Ankthw big building piece that I was involved with was the event depictor. This had to be a technical masterpiece, it had to have a combination of store bought and made items to all in the end help the story. We made a podium. Throughout the performance characters use it as a presentation spot, a desk, and a teaching platform, but ultimately it’s purpose is to play sound. It plays ominous music when the tension builds and it also has sound affects throughout. It started as a podium built by Michael. Then I wired it with speakers to make the noise.
So, that was the technical part. Now, we had to worry about the transitions and script shortening. As far as the transitions went all we really had to do was to plan out how many chairs we needed in each scene, and who would carry them in our out. As for shortening the script, there is a pretty useless scene where Claire and Ryan’s characters are talking about how Claire presentation will go. We didn’t think it was necessary so we added a similar conversation onto the end of a scene that already existed a.m. day got rid of the whole scene, this gave Michael more lines and us more time.
Over the years, DI has always had something go horribly wrong with my team. In grade 8 our structure was too big so we had to remodel day of, in grade 9 we were judged very harshly, and grade 10? Well. Grade 10 was a doozy. Do you want to know what went wrong? Everything. It all started with the speakers.
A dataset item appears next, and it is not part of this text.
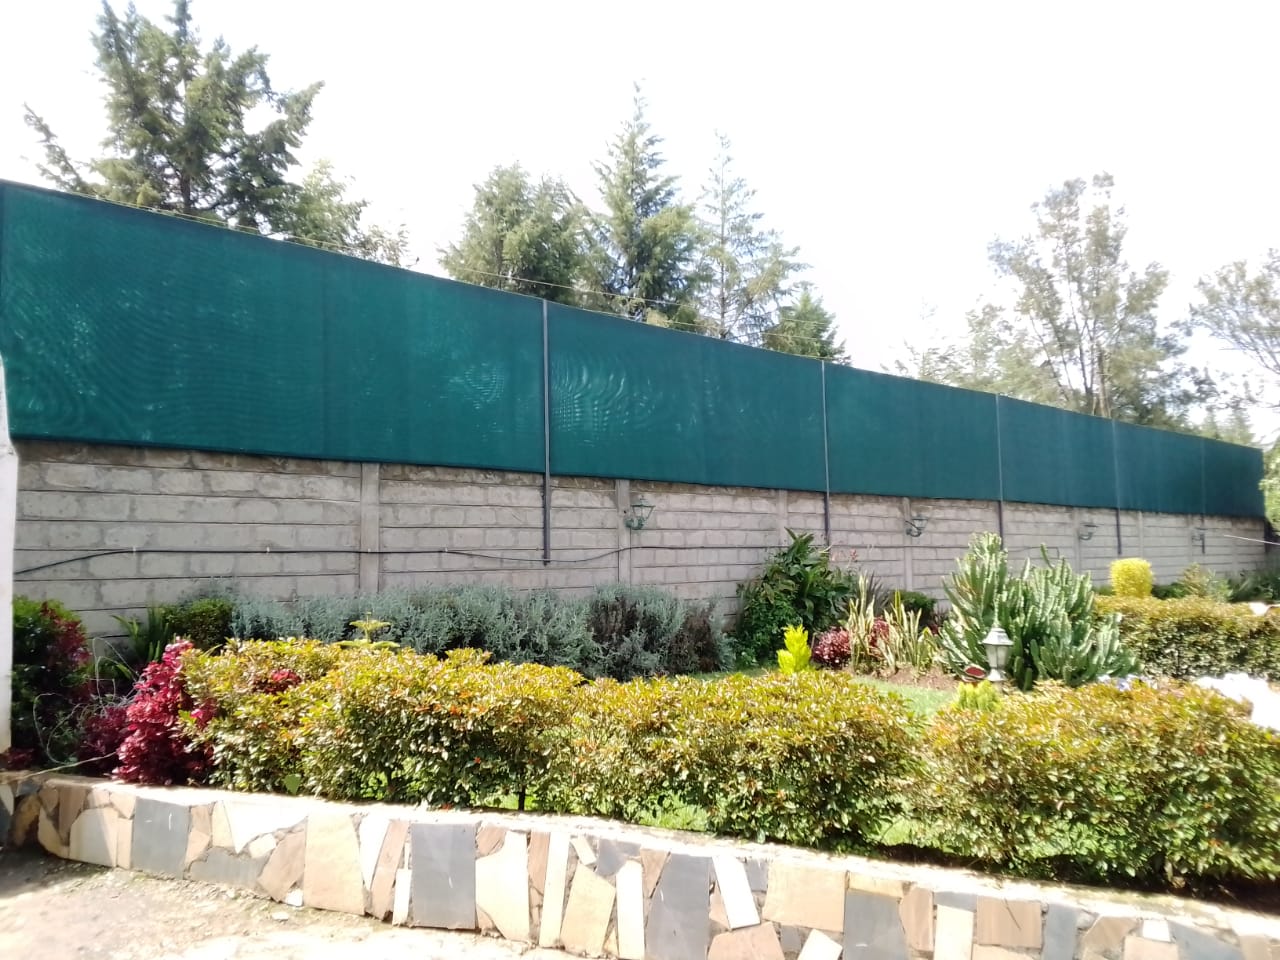 Privacy Screen-Perimeter Wall Shade Net Fence-Green Mesh Net-Wind Breaker

They weren’t working, so I wired it again and again and still, nothing. Until, with hours left until our presentation I realizzed that the tiny little piece of our aux cable had snapped, and was lodged in our radio. This piece. \/
Thag piece is no smaller than a fingernail. And it gave me anxiety for about 3 hours. We had to tape the back of the chord so that the shaft of the aux still made contact with the wire. I don’t have any photos of it because I was so frantically trying to fix it that no one dared take a photo of me, and photos were the last thing on my mind then. Ok. Calm down. 😑. So. After that was fixed, we were presenting and things were starting to look up. But, I’m classic DI fashion, everything went wrong. The speakers hade absolutely no noise, so that meant no team depictor and no team choice element, gone. Then there was the structure. It was exactly the same as the last one, all the way down to the height and weight. But what didn’t it do? Hold weight. That thing folded like a lawn chair. To this day, I have no idea why or how. Here’s is how we were judged.
Yes that third note says “Good recovery from technological failure.” Remember these people are called ‘Appraisers.’ No praise there. Just “Technological failure.” But, anyway at least in the end I got the experience. Not everything goes your way all the time, in fact it tends to be the opposite and you just have to live with that. DI will come back as a positive and I know that after seeing a grade 12 student get a DI scholarship just last week. So, even though it makes me sad to think about, this little certificate will be nothing but a positive for my future.
This is my third year of DI, I have done Engineering every year, but this year has been the best for me. I gained the most out of it, I leaned more about failure and how luck is not often on your side, especially when you think it will be. So, next year we are not doing DI. We will be done. We will live with the affects. I don’t know if they will be negative or positive, but I see both. DI advertises a study done in 2014, Dr. Mark A. Runco, Professor of Educational Psychology for the Torrance Creativity Center at the University of Georgia said he found these things about children who had done DI.
Do I agree with everything? No. I think that he shone light on all of the positive that we gain in the long term, but fails to mention what is wrong. I do not have a problem with him or the study though, I have a personal thing with DI called bad luck. Maybe I’m cursed, maybe I’m just whiny, but in the end I’m too sassy to agree right now, even though one day I will most likely feel the same. Thanks Dr. Mark.